In our experiment, nickel powders were mixed with nickel sulfide powders in a cold ball milling process. The atomic ratios of S in the mixture are 7 at.%, 11 at.%, 14 at.%, and 20 at.%, respectively. Based on (Material Analysis Using Diffraction) MAUD¹⁰ data fitting analysis, the result average polycrystalline size is 20±5 nm. Synchrotron XRD data were collected on the NiS/Ni-S mixtures at Lawrence Berkeley National Laboratory (LBNL) BL-12-2-2 beamline to determine the possible phases formed under different pressures. Using a diamond anvil cell (DAC), radial compress-decompress experiments were performed (rDAC). The synchrotron XRD data was then collected at LBNL BL-12-2-2 to determine the possible formation of different phases, such as Ni₃S₂, NiS etc., in the Ni-S samples. The XRD data were also used for the texture and micro strain-stress analyses. Data collected from XRD measurement were analyzed using Fit2d¹¹ and MAUD software packages.

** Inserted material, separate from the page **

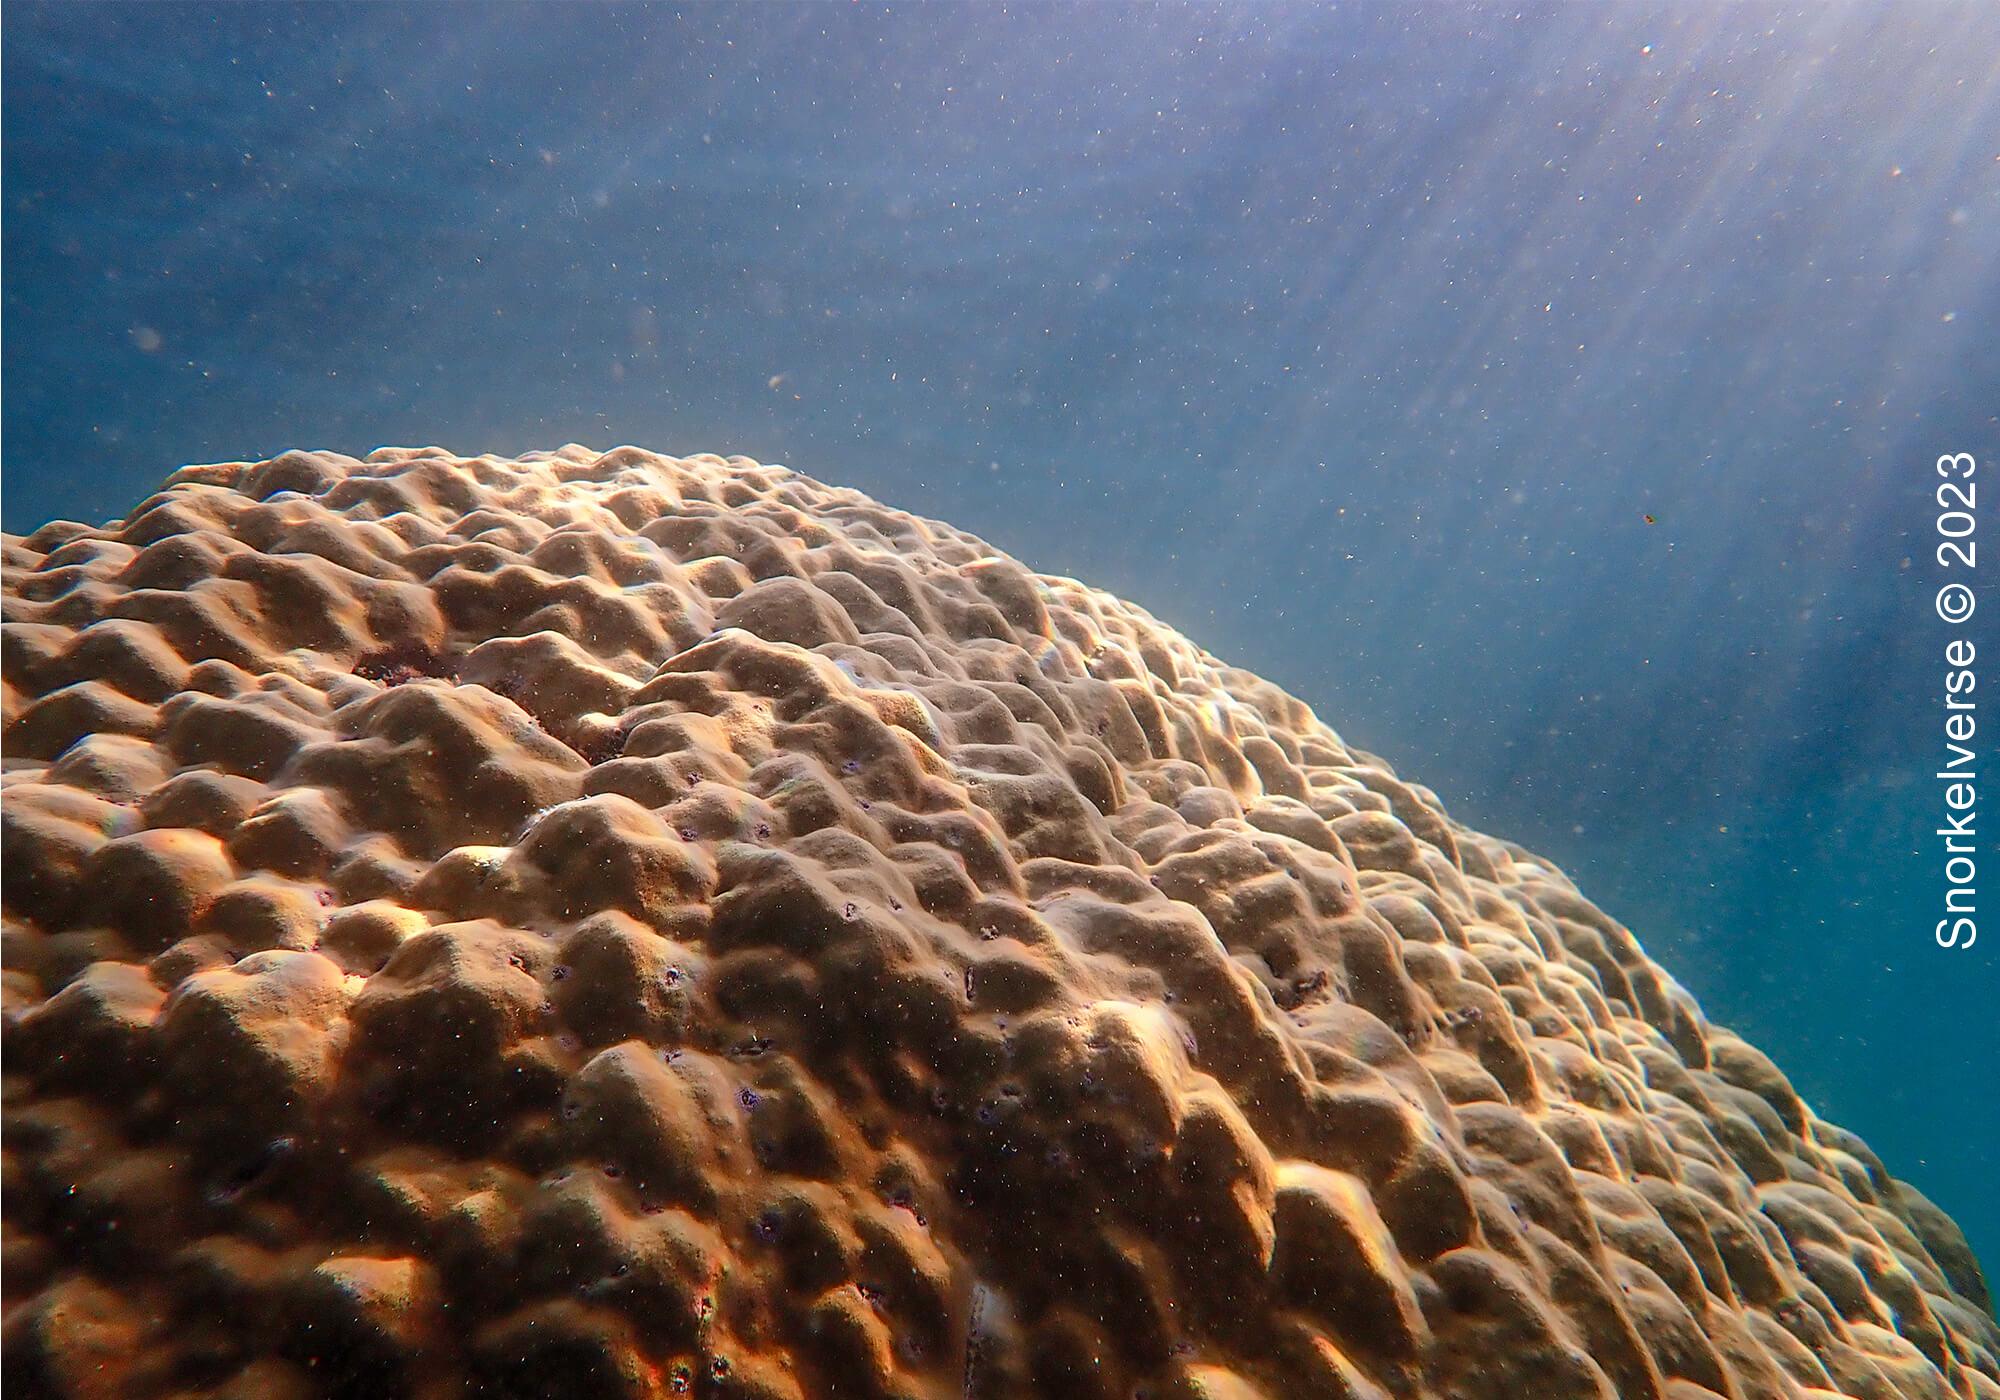 Massive Boulder Coral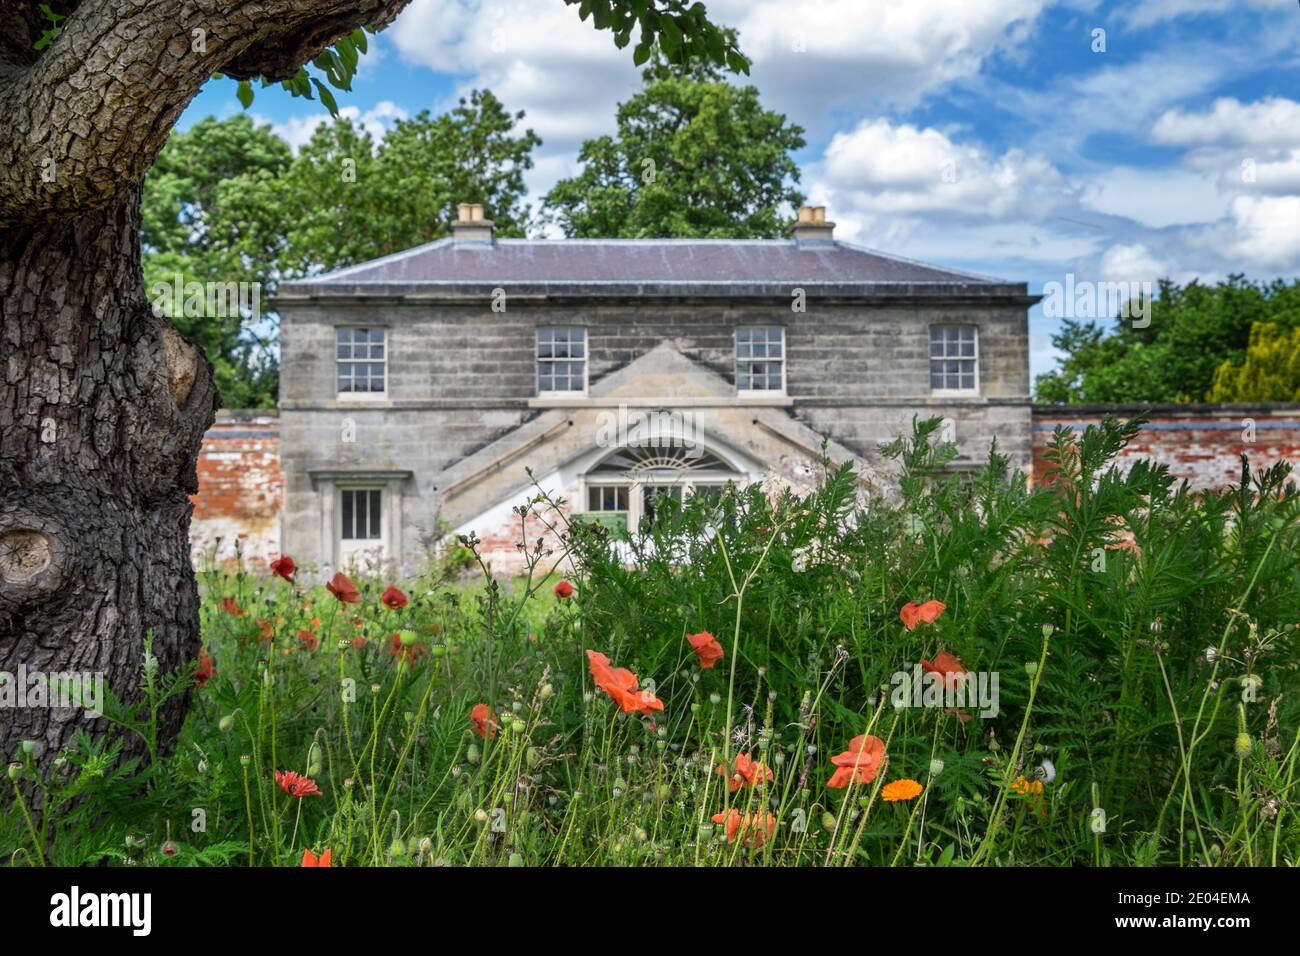 Il giardino recintato e la casa del giardiniere capo, situato nei terreni della Shugborough Estate, vicino a Stafford, Staffordshire, Inghilterra, Regno Unito Foto Stock

A series of first principle density functional theory based simulations for bulk Ni metal with various S substitution sites, concentration, and at different pressures were performed to obtain the shear moduli and Poisson’s ratios which was used for dislocation dynamics (DD) simulation input parameters. Then, the effects of dislocation development were evaluated using the ParaDiS software package.¹² It is based on non-singular continuum theory of dislocations that allows accurate numerical calculations of dislocations in terms of multiple dislocation nodes.¹³ From our former research,^7,9 the dislocation behaviors under pressure are similar for the Ni metals with particle size from 20 nm to 500 μm and bigger. Since ParaDiS based DD simulation is typically used for micro scale dislocation dynamics simulations, we set up isotropic models occupying 1 × 1 × 1 μm³ space and implemented face centered cubic (FCC) mobility law for static pressure simulation. Different Ni/S ratios were indirectly implemented by changing corresponding shear moduli and Poisson’s ratios obtained from our first principle simulations mentioned above. The ductileness property can be analyzed by checking the changes of dislocation density and velocity.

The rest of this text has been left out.